Assigned task
Beneath this line sits some data. Return only its lines from the one holding "a statue of a person on a metal pole" through the one holding "Valentine Day Background, Hearts", inclusive, exactly, with the images removed.

Data in this exercise
■ ■ ■ ■ ■

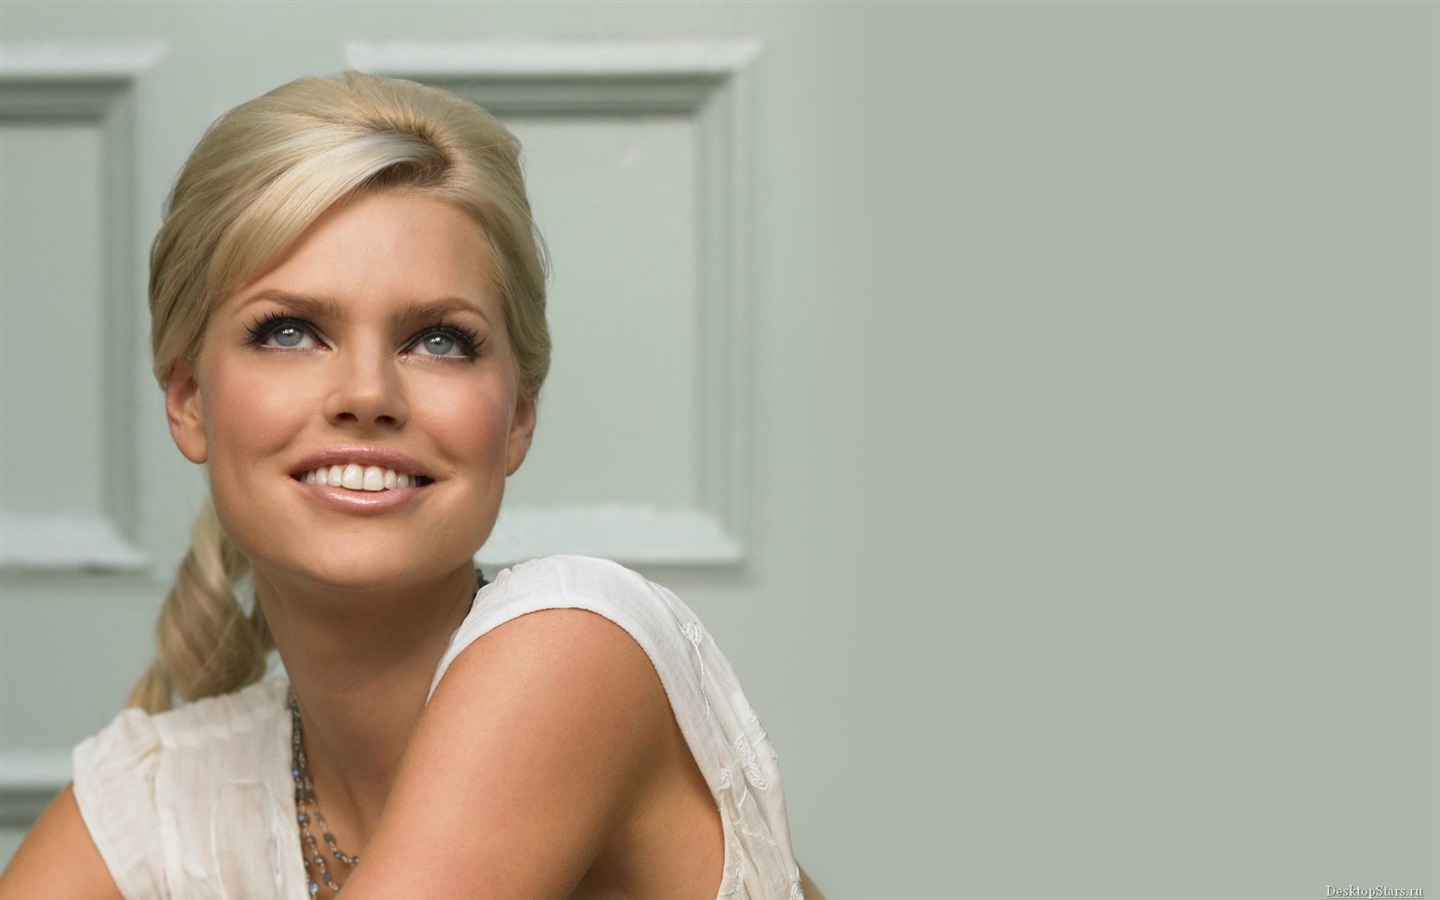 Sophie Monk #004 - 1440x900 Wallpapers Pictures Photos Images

■ ■ ■ ■ ■

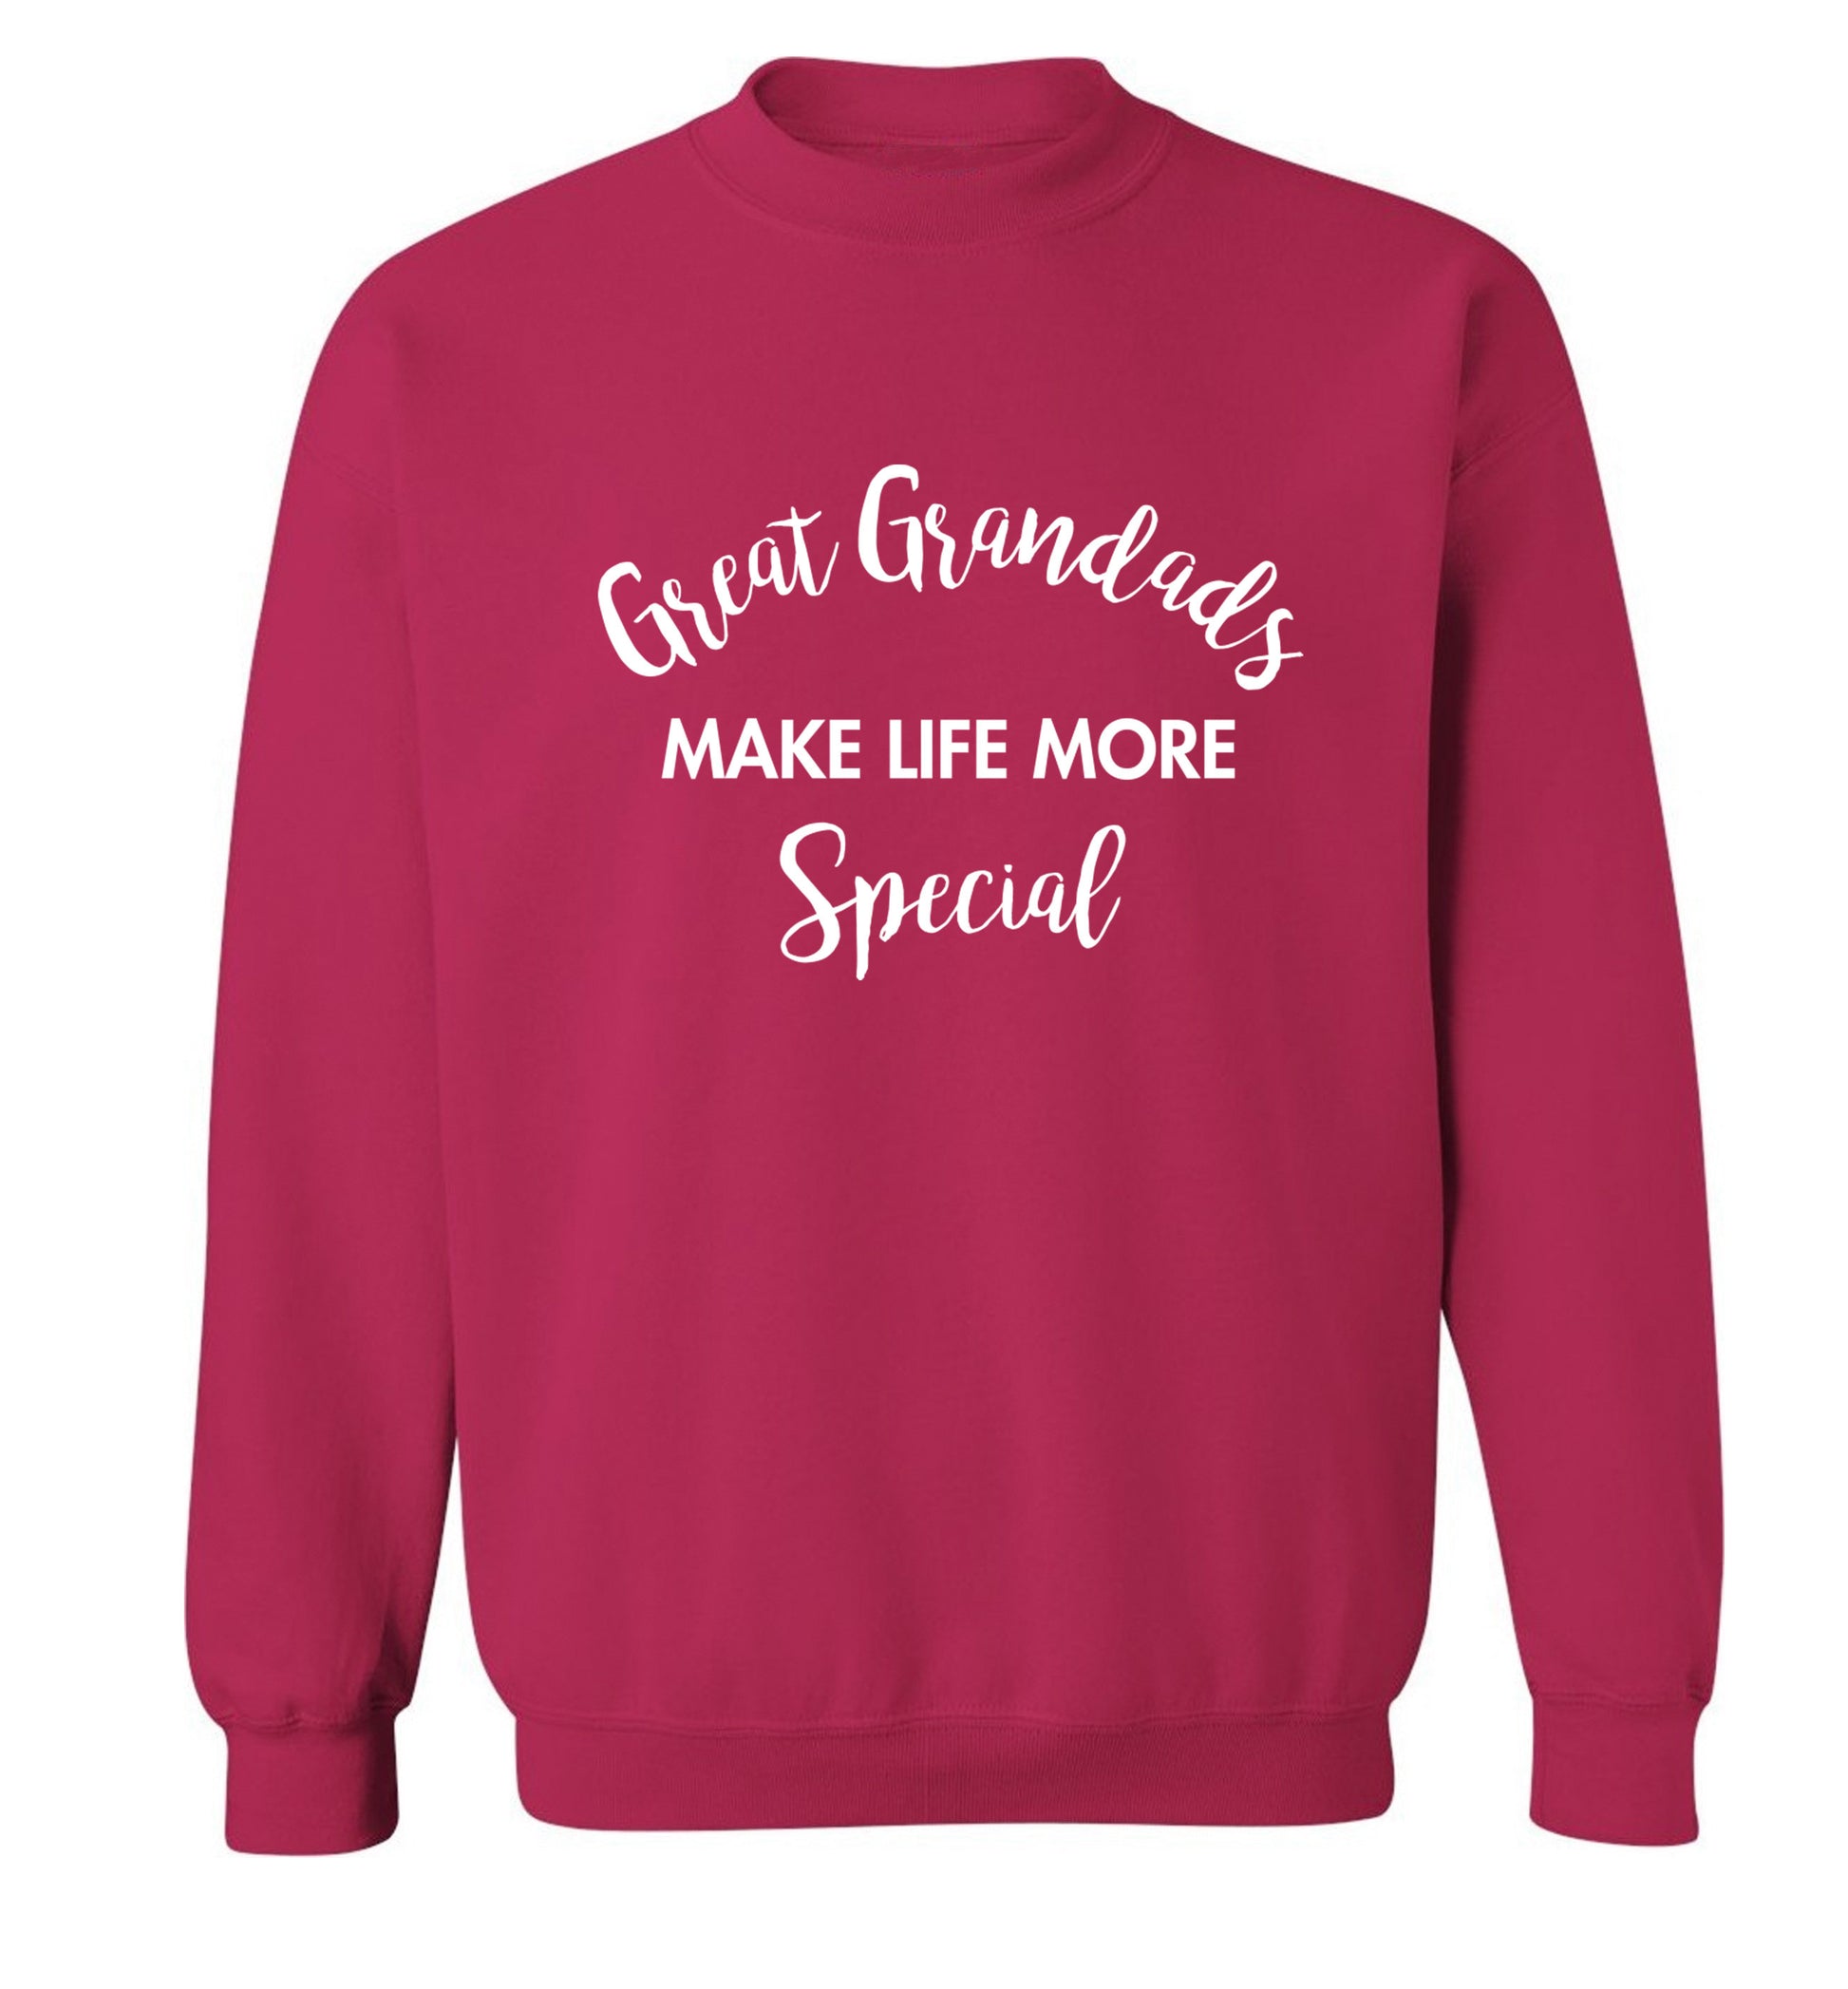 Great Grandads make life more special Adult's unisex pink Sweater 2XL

■ ■ ■ ■ ■

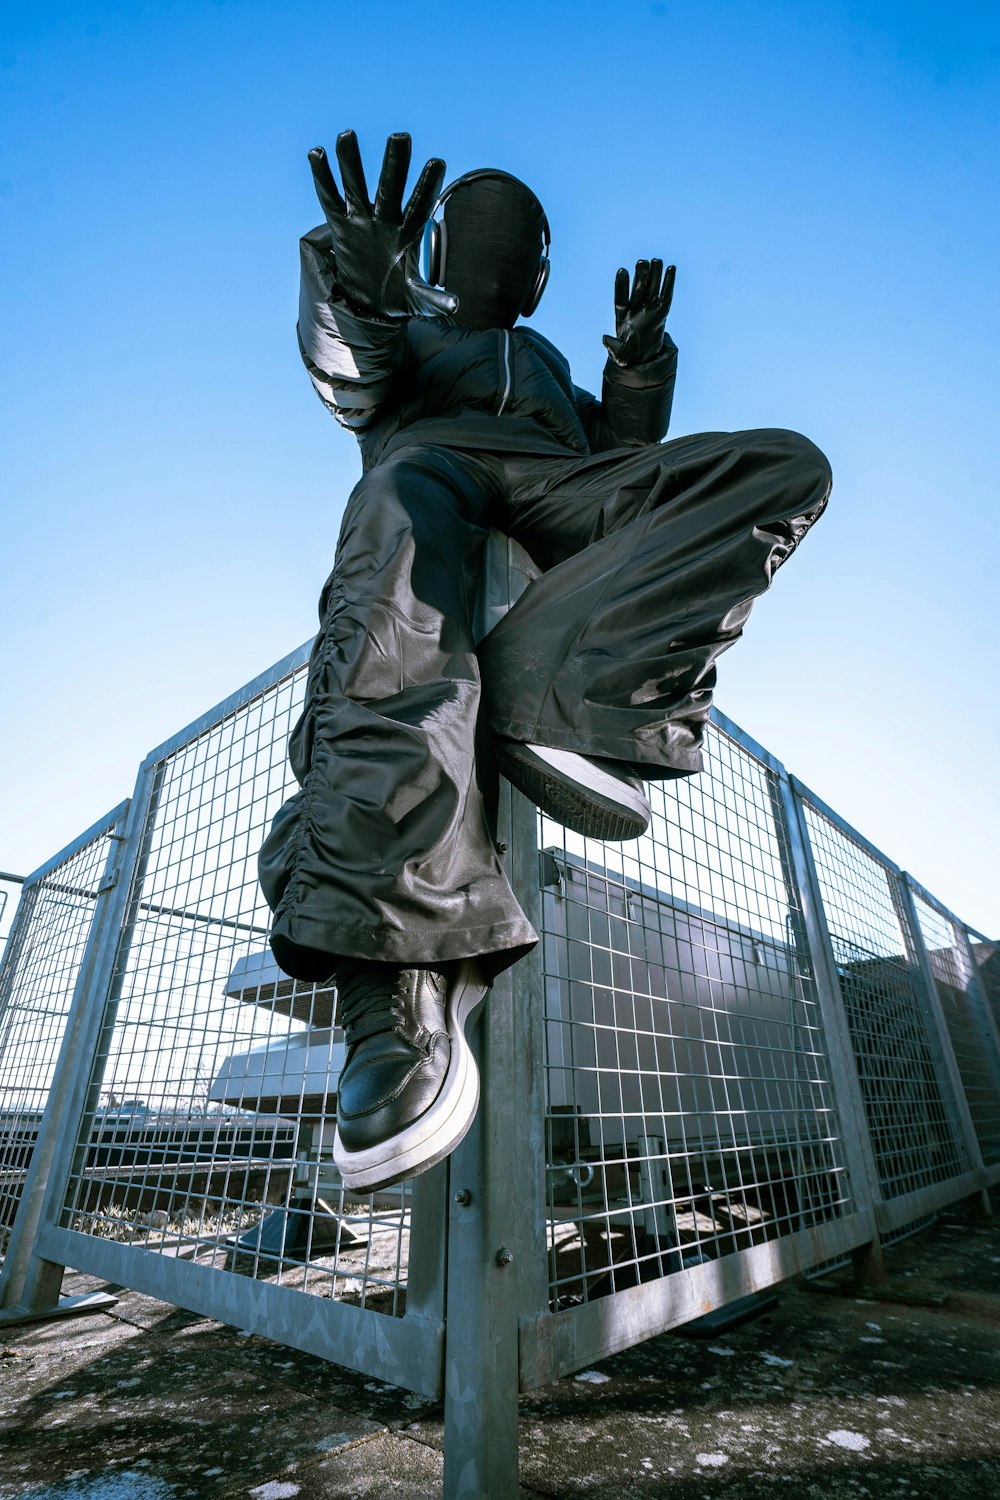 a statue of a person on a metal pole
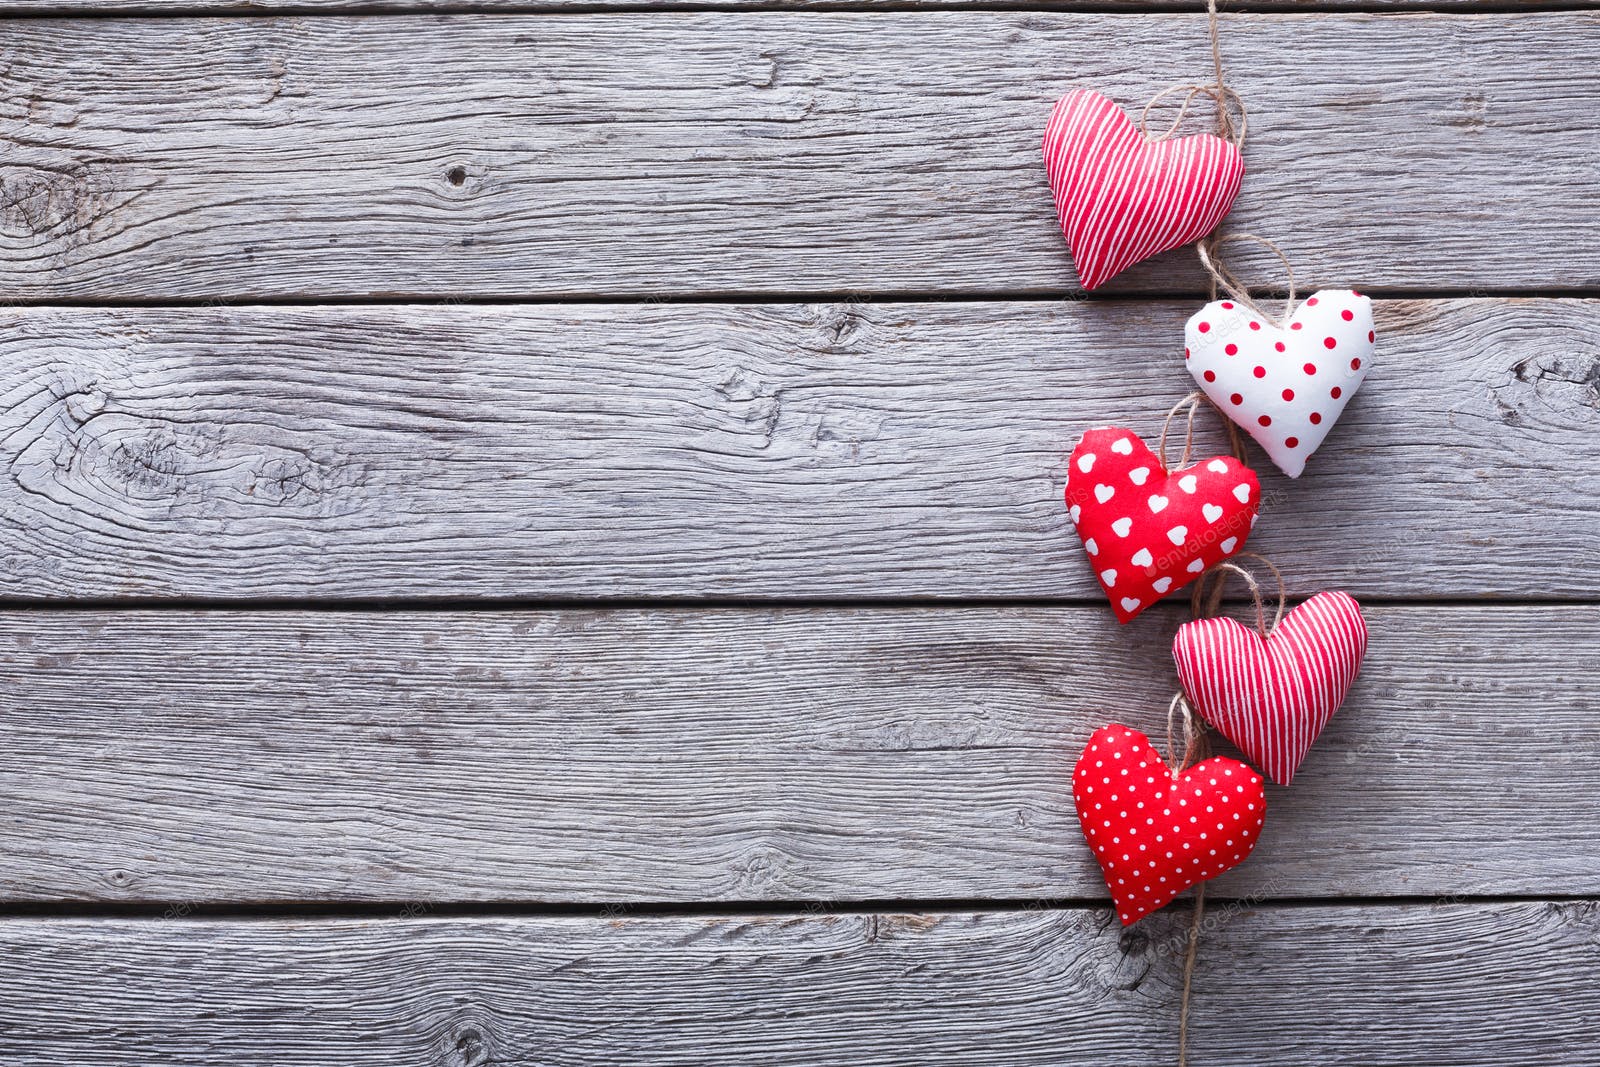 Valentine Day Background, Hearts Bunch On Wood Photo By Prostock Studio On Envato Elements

■ ■ ■ ■ ■

Answer to the problem
 a statue of a person on a metal pole
 Valentine Day Background, Hearts Bunch On Wood Photo By Prostock Studio On Envato Elements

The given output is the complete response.